Cancer stem cells : Medicine (original) (raw)

1 Introduction

It has long been known that tumors are not homogenous masses of cells. Given the assortment of cell and tissue types known to exist within tumors, recent research has focused on the generation of tumor heterogeneity. Among the early investigators of the 1800s, Virchow and Cohnheim postulated the existence of cancer stem cells (CSCs) that arise from what they believed to be “activation of dormant embryonic tissue remnants.”

Ultimately, proof of the existence of CSCs came in 1997 when Bonnet and Dick isolated a set of stem cells from acute myeloid leukemia (AML) and the samples were capable of transferring AML to immunosuppressed mice. As further advances have enabled deeper and more detailed investigations, tumor heterogeneity has been found to exist at the molecular and genetic levels, even among cancer cells that appear microscopically or otherwise identical. Although the existence of CSCs is now well known and accepted, their properties, role in various tumors, and frequency with which they occur in various tumors still remain the subject of active debate and investigation.

This review will discuss: Models of tumor heterogeneity, Historic perspective on CSCs, Functional properties of CSCs, Similarities to and differences from normal stem cells (NSCs), and the Role of the microenvironment.

2 Tumor heterogeneity overview

Tumor heterogeneity can be described as intertumoral heterogeneity or intratumoral heterogeneity. Intertumoral heterogeneity can be defined as variations observed between tumors of different tissue and cell types; variations observed between tumors of the same tissue type from diverse patients; and variations observed between different tumors within the same individual. Intratumoral heterogeneity refers to variations observed within a single tumor.

Numerous experiments have pointed to the existence of tumor heterogeneity. Tumor cell populations differed in such properties as:

2.1 Intertumoral heterogeneity

Intertumoral heterogeneity provides the basis for classifying cancer types and subtypes by differences in histology, genetic profiles, protein signatures, or expression of specific markers. Many of these variables provide clinically prognostic and/or predictive information. On the other hand, intratumoral heterogeneity complicates cancer prognosis and treatment.

2.2 Intratumoral heterogeneity

Early evidence of intratumor heterogeneity came from experiments in which tumor cells from murine cancers were extracted and introduced into syngeneic hosts. It was determined that not all transplanted cells could reconstitute tumors. Similarly, varying numbers of metastatic colonies resulting from injection of syngeneic mice with murine melanoma tumor-derived cells suggested that the parent tumor harbored cells with diverse metastatic potential.

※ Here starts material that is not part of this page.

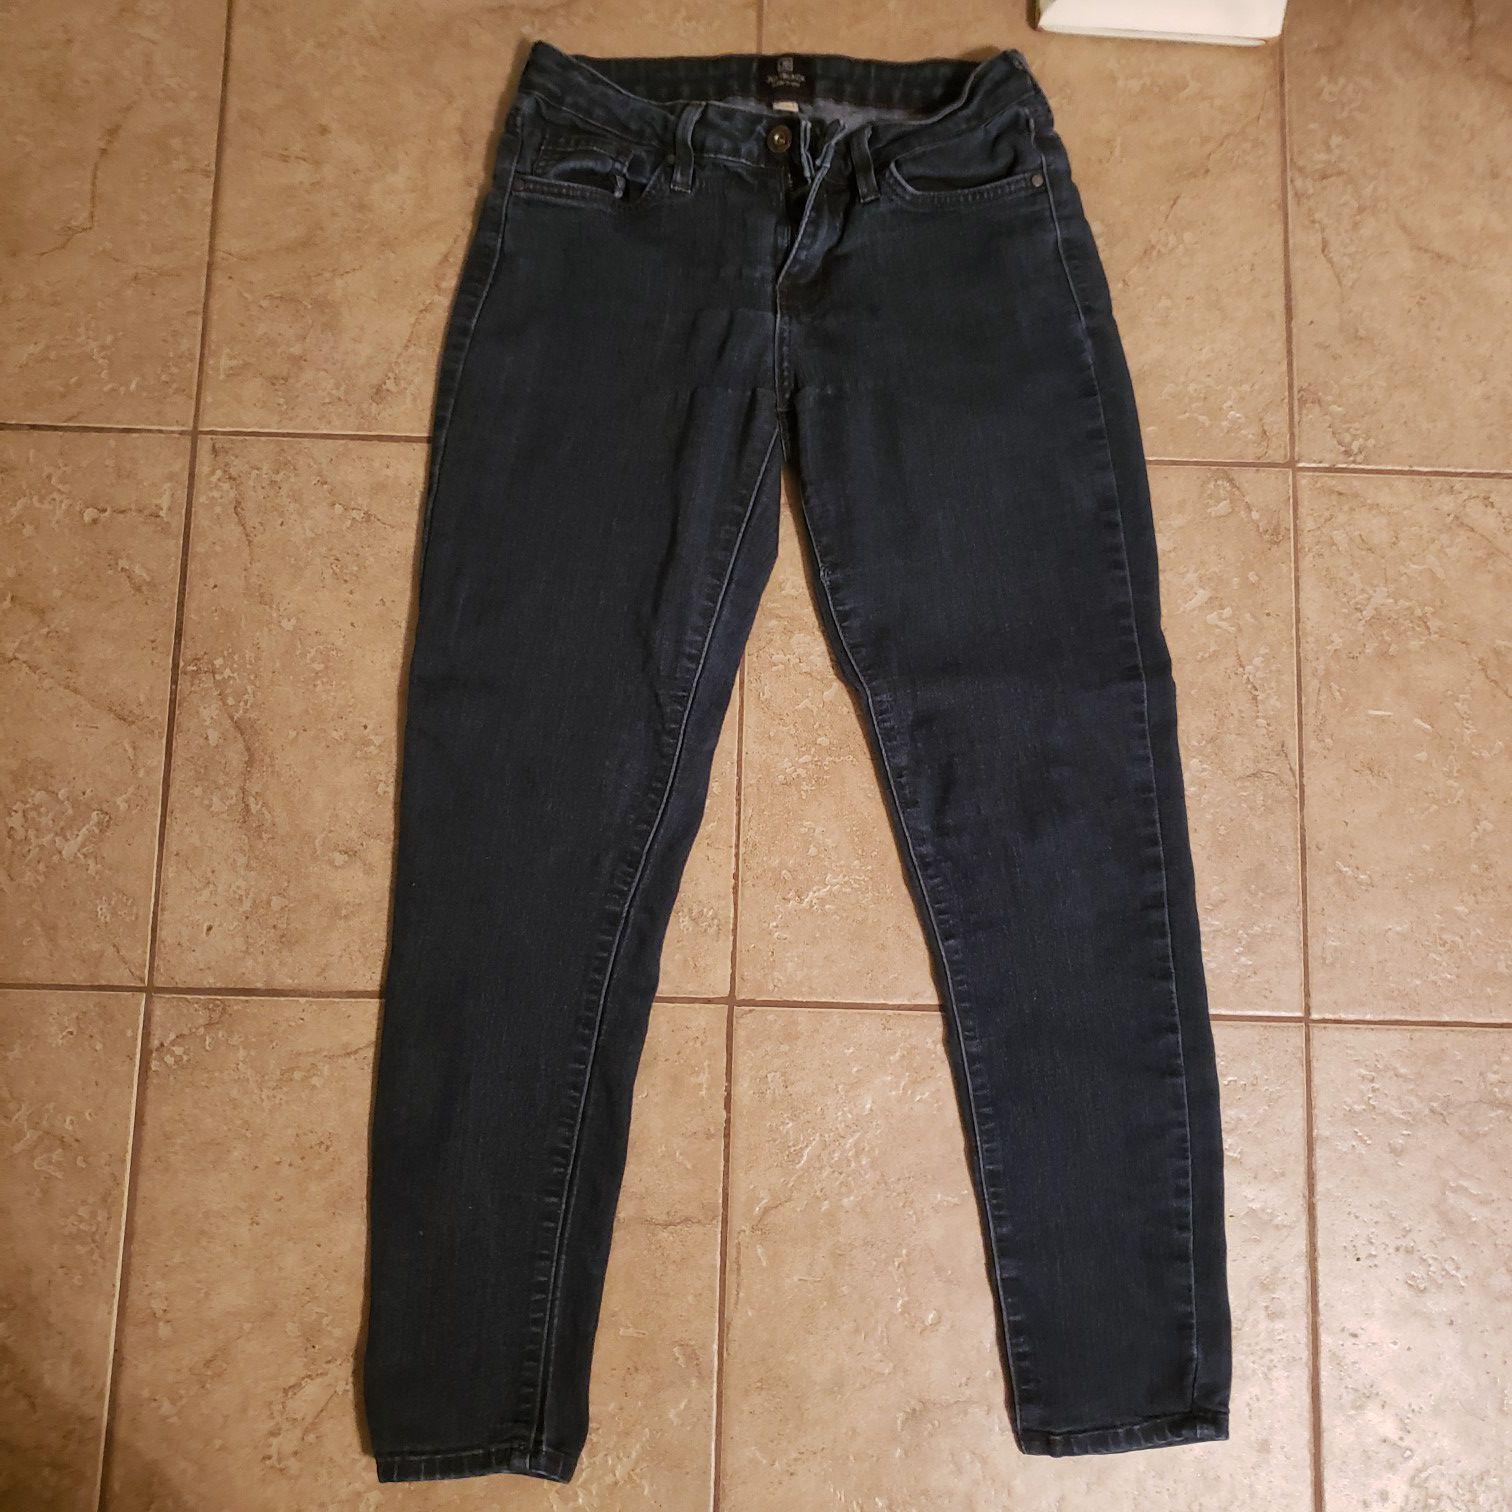 Size 26 (2) Just Black jeans

In small sets of studies in patients with terminal cancer, tumors were autotransplanted subcutaneously and even then did not initiate new tumors in every case. In glioblastoma (GBM), analysis of tumor fragments from the same tumor revealed various gene losses and amplifications. Additionally, results from mitotic heterogeneity experiments and gene expression signature analysis demonstrated complex cell clonal population hierarchies and the presence of multiple GBM subtypes within a single tumor, respectively. These results clearly indicated the presence of multiple clonal cell populations within the tumors.

Intratumor heterogeneity was strongly demonstrated at the genetic level in renal cell carcinoma. Study results showed that samples from different regions of the same tumor often displayed varying mutations and chromosomal imbalances. In addition, gene expression signatures of good and poor prognosis were found in different regions of the same tumor, suggesting that intratumor heterogeneity also exists at the RNA-expression level.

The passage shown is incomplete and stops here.